Could the data below be copied exactly, minus the pictures?

Source material:
· · · · ·

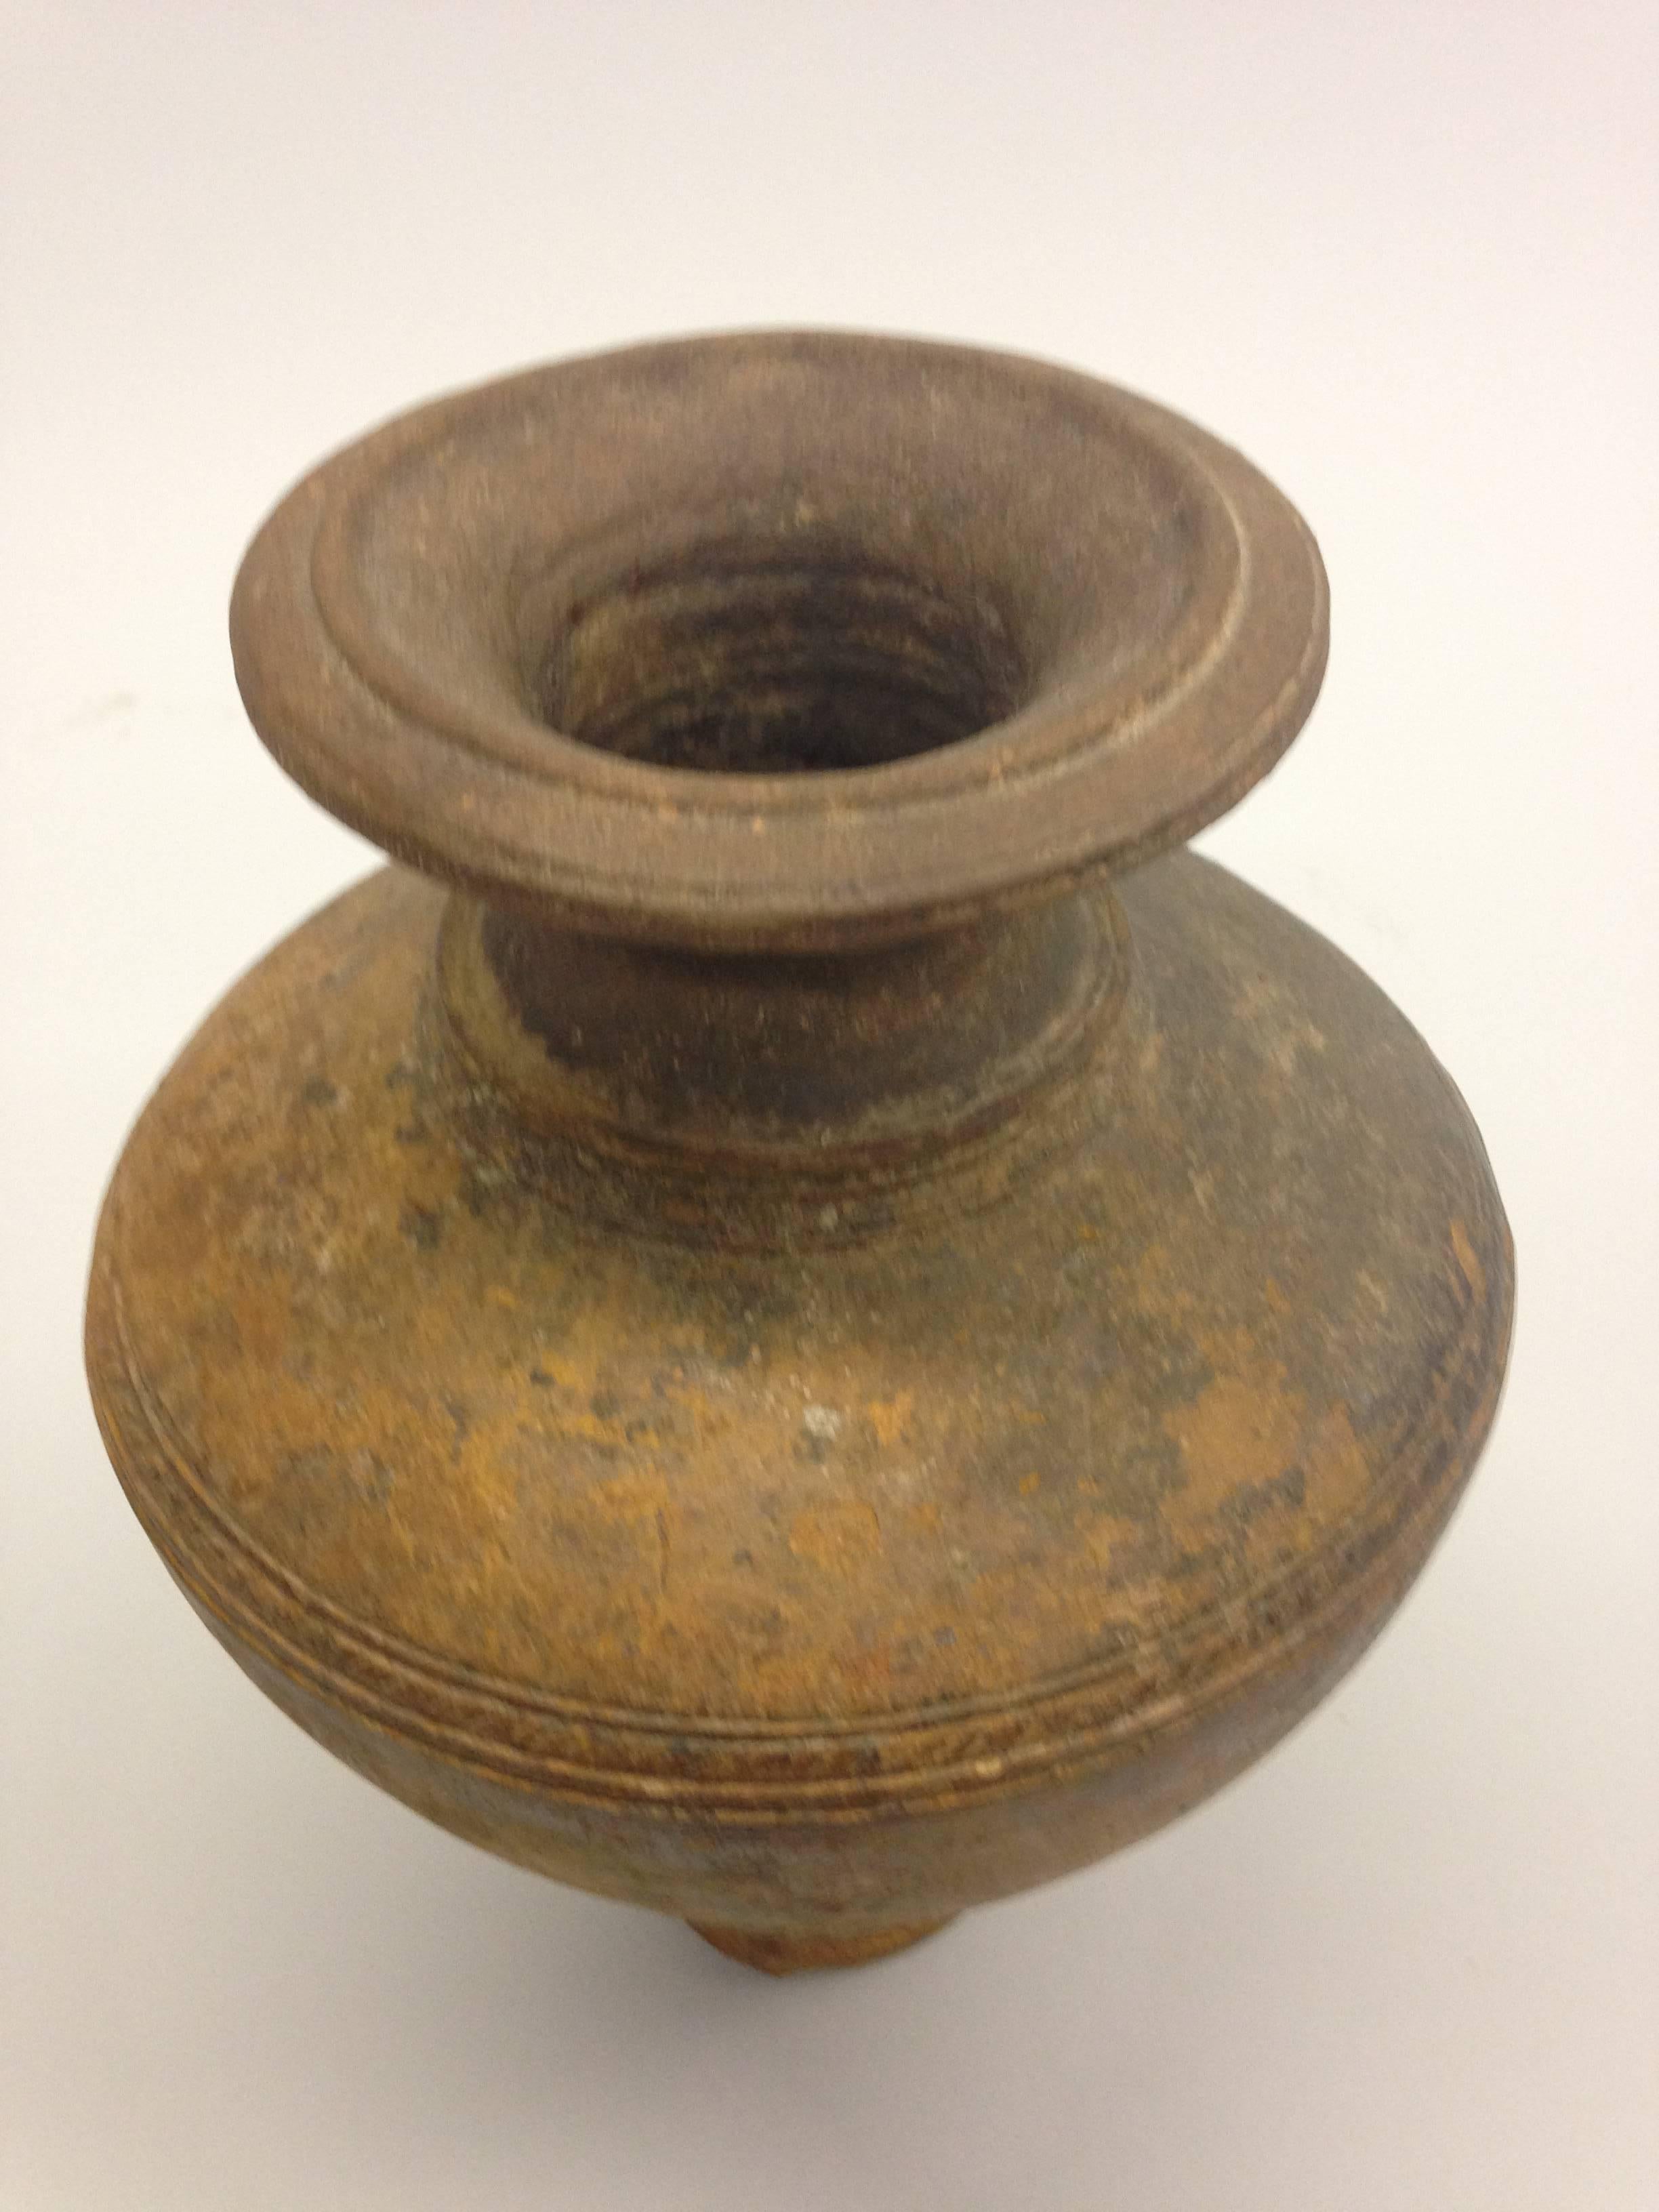 Ancient Classic Form Khmer Urn or Vase For Sale at 1stDibs | ancient ...
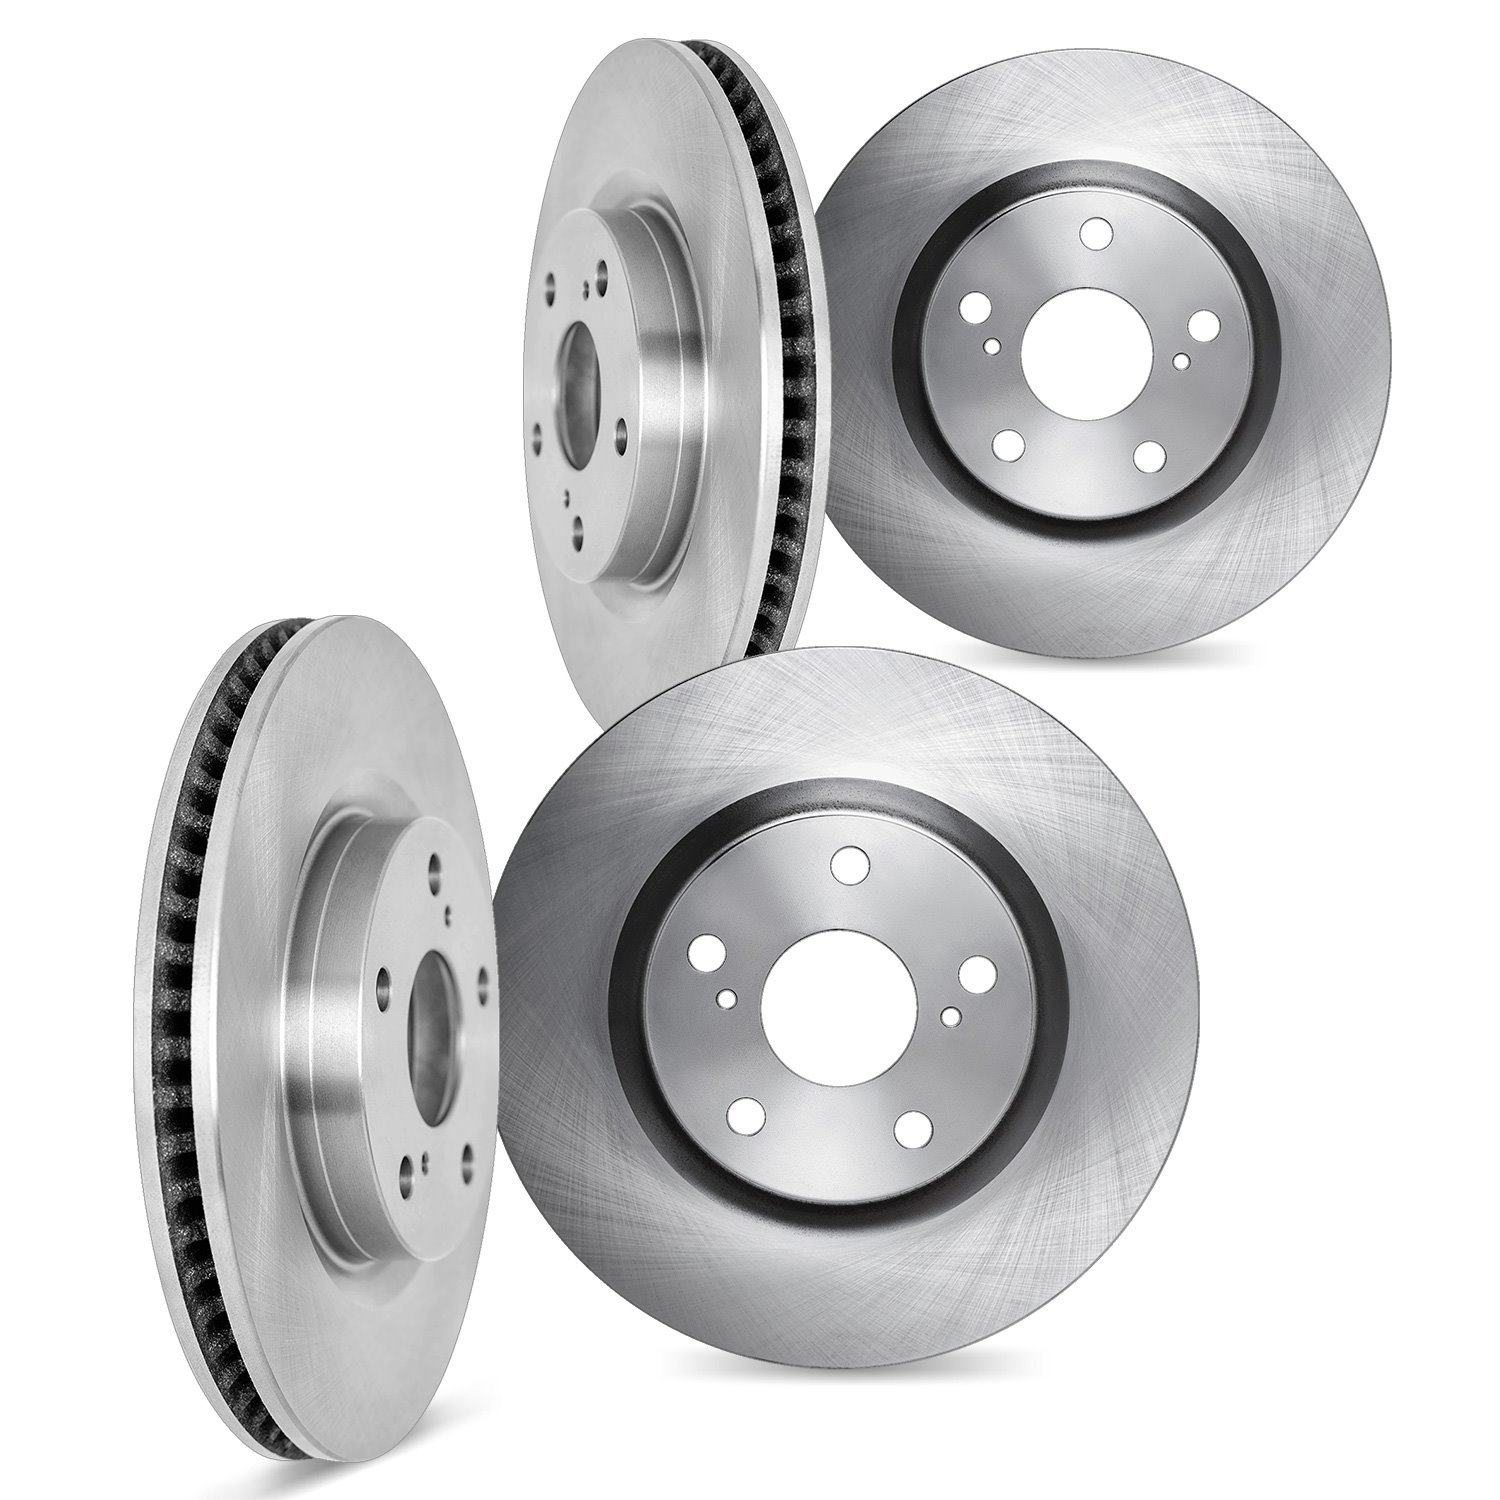 6004-76170 Brake Rotors, Fits Select Lexus/Toyota/Scion, Position: Front and Rear
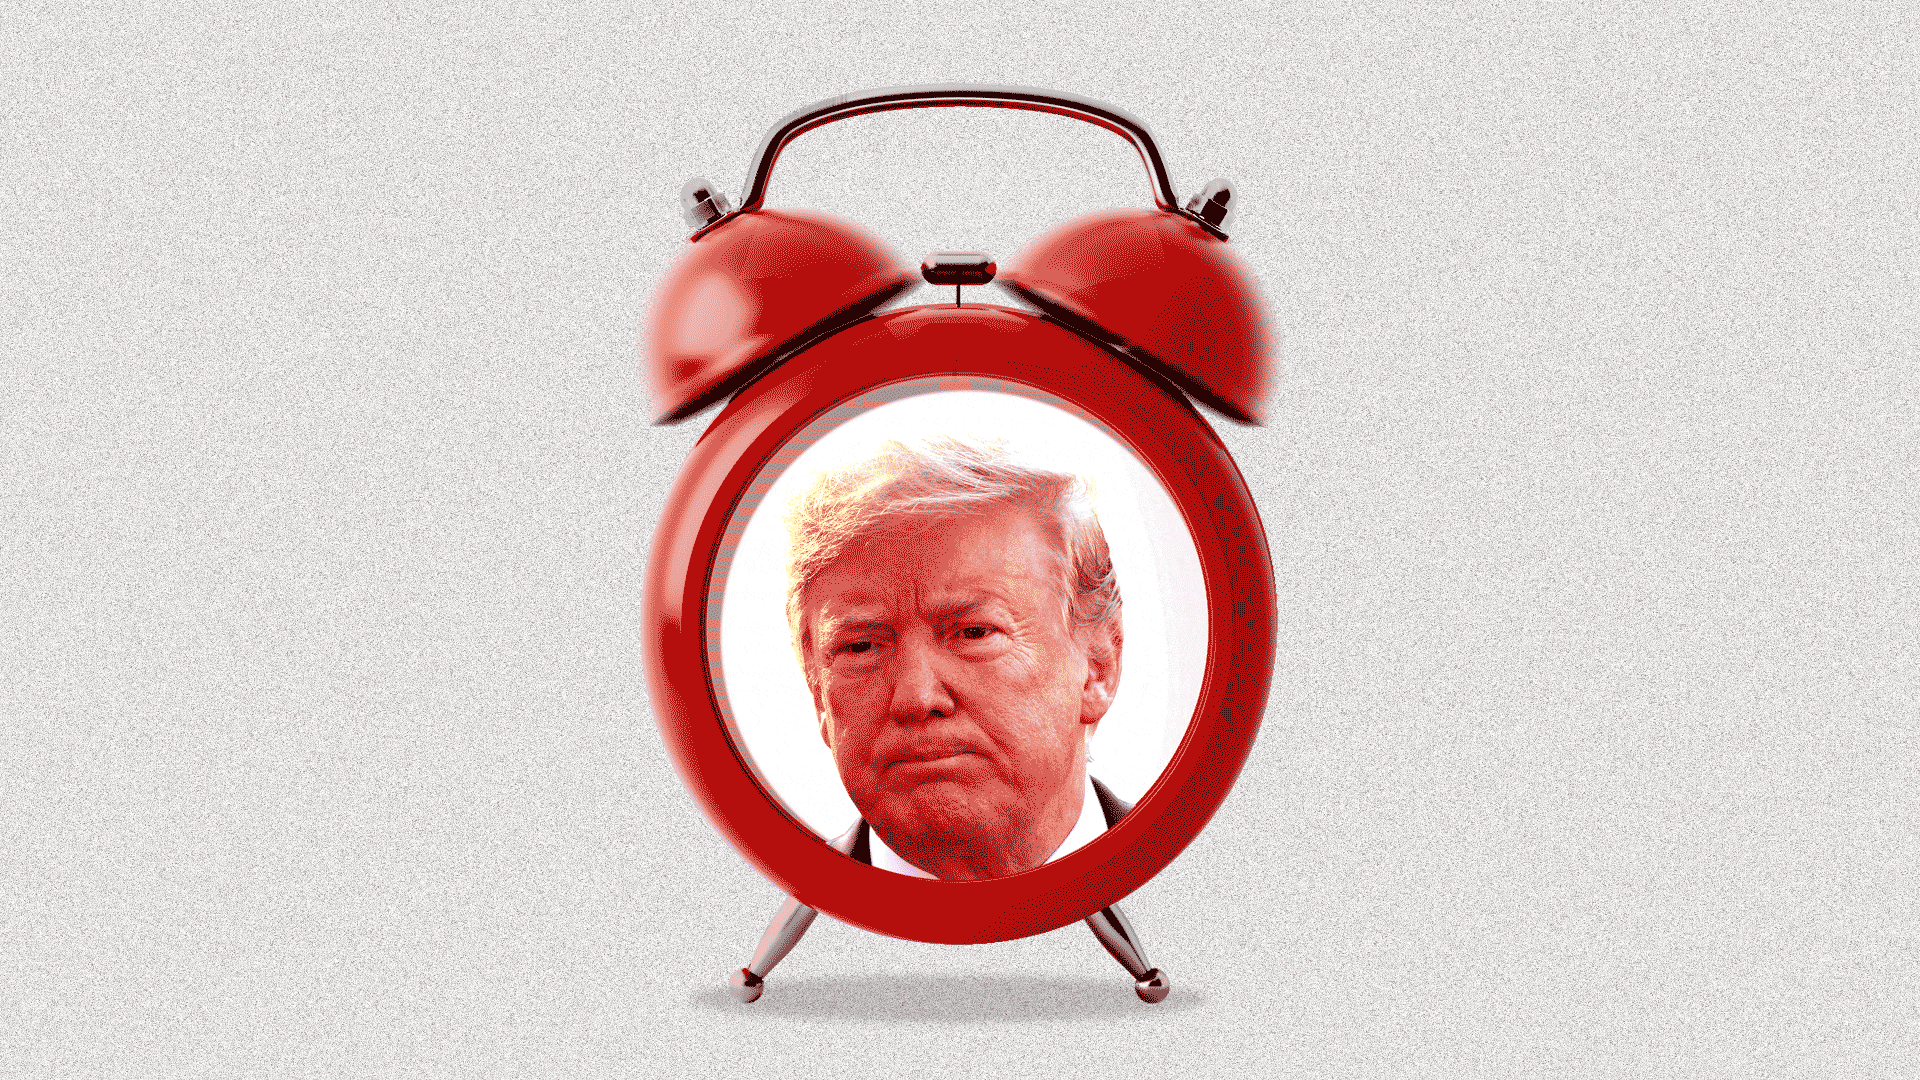 Animated GIF of alarm clock with Trump face

· · · · ·

Task result:
 Ancient Classic Form Khmer Urn or Vase For Sale at 1stDibs | ancient ...
 6004-76170 Brake Rotors, Fits Select Lexus/Toyota/Scion, Position: Front and Rear
 Animated GIF of alarm clock with Trump face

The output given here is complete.